"Siap ndan," jawabku sambil menganggkat tanganku dalam sikap hormat.
Kemudian letnan Gunadi menyuruhku mengenakan seragam militer. Seragam militer yang baru saja diterima. Dengan tanda pangkat kopral satu aku bangga dengannya. Letnan dua Gunadi juga berseragam lengkap.
Kemudian dia menyuruh aku mengambil jeep di garasi asrama. Pukul tujuh malam kami berdua meninggalkan Benteng Van De Brug. Kusetir Jeep itu menuju ke timur melewati Puro Paku Alam lalu ke selatan menuju Tungkak. Dari Tungkak ke timur dan jeep menuju kampung Pakel.
Kami berhenti di sebuah rumah dengan halaman yang agak luas.
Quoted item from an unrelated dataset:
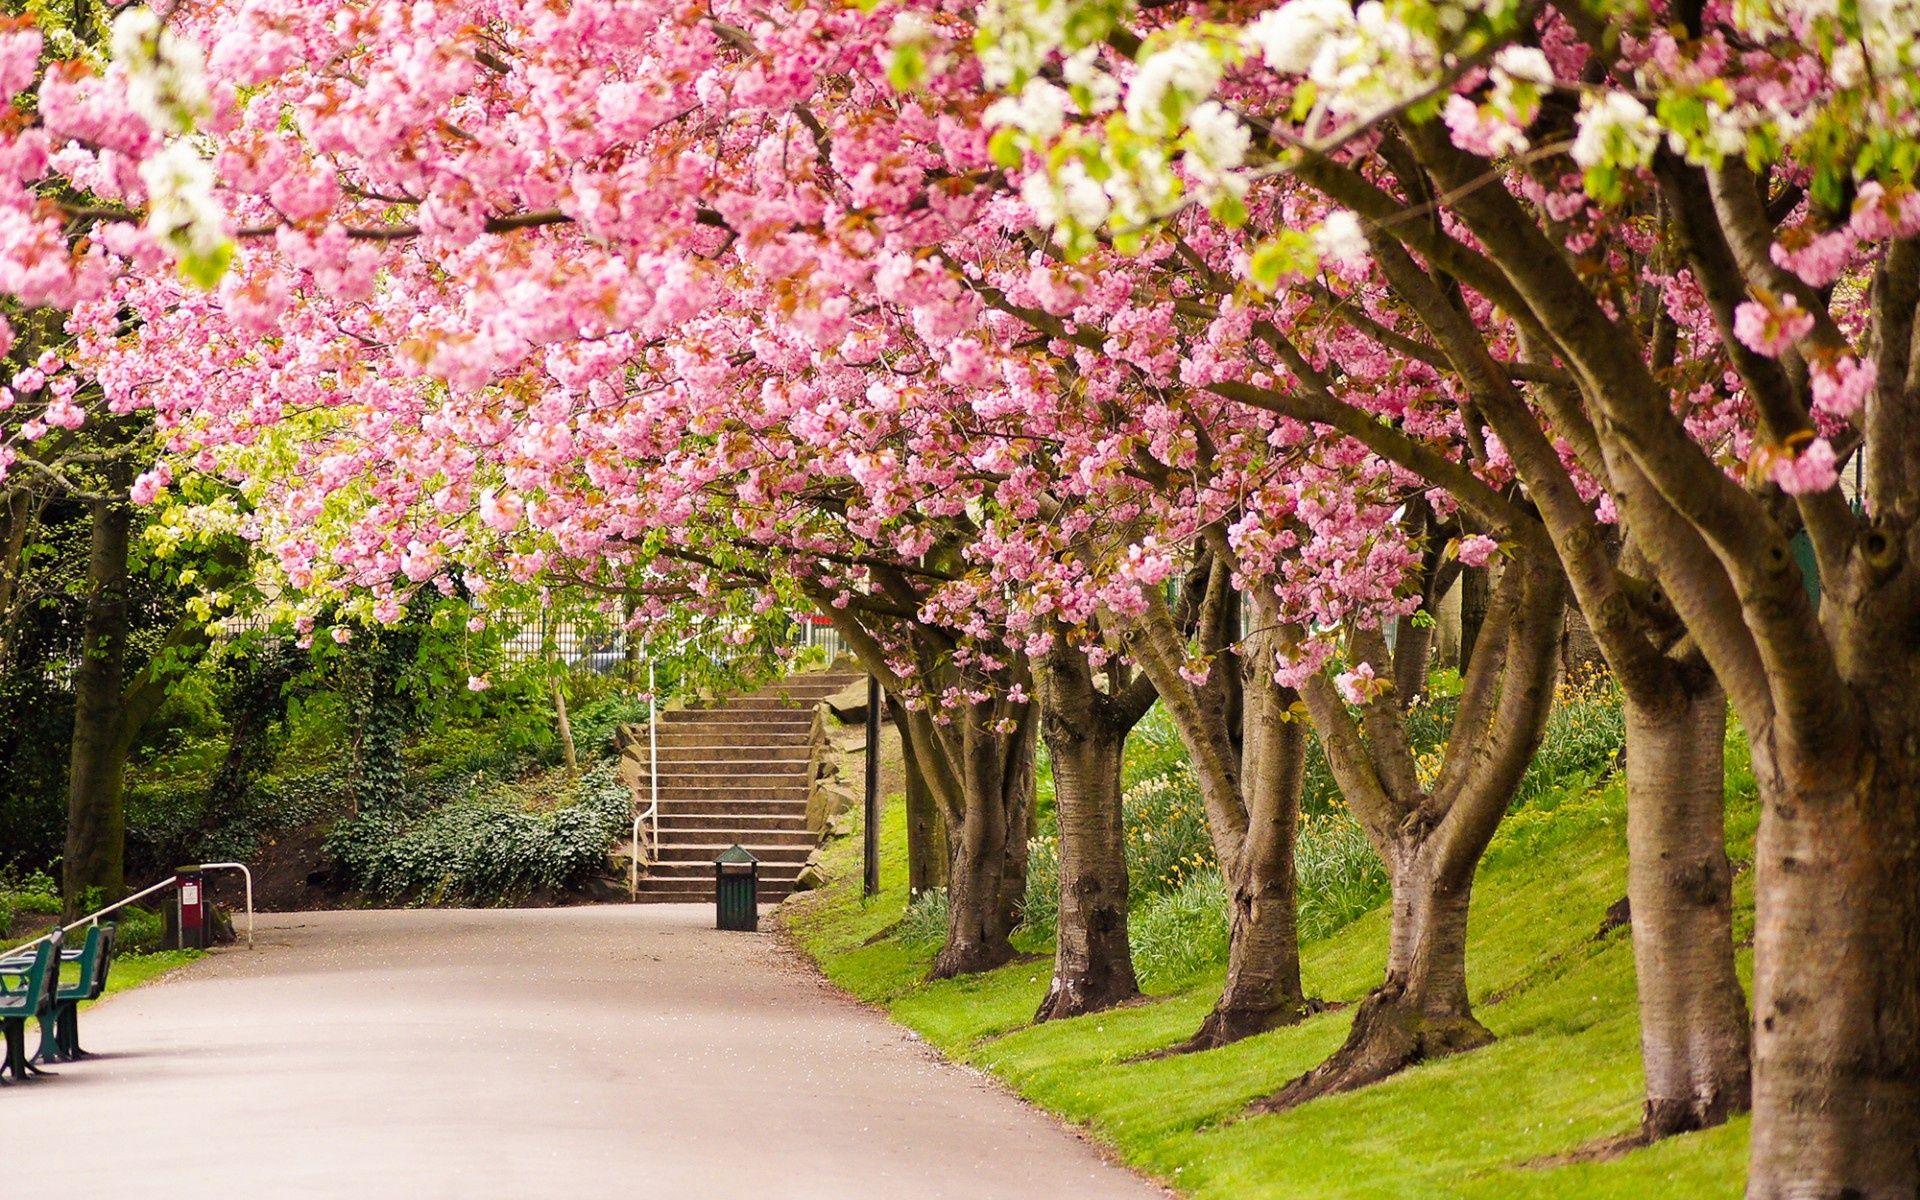 Sheffield England Park Tree Cherry Blossom Road Alley In Spring Nature Desktop Wallpaper Nature Desktop Beautiful Nature Wallpaper

Aku terkejut ketika pintu depan rumah itu terbuka dan seorang gadis cantik muncul dari balik pintu. Ternyata gadis itu si Aminah, gadis palang merah pujaanku. Gadis yang kuimpikan.
Perasaan cemburu membuatku gemetar. Apa lagi ketika letnan Gunadi mengeluarkan kotak kecil dari sakunya. Kotak itu dibukanya. Kulihat dalam kotak itu sebuah cincin emas dengan mata berlian.
Hatiku hancur berkeping-keping ketika letnan Gunadi menyerahkan kotak itu kepada Aminah.
"Maukah dhik Aminah menjadi isteriku?" ucap letnan Gunadi.
Gadis itu menganguk.
Sekilas pandanganku menjadi gelap.
..................................
"Donya kuwi ora mung sak godong kelor, pral," Abu Sujak menghiburku.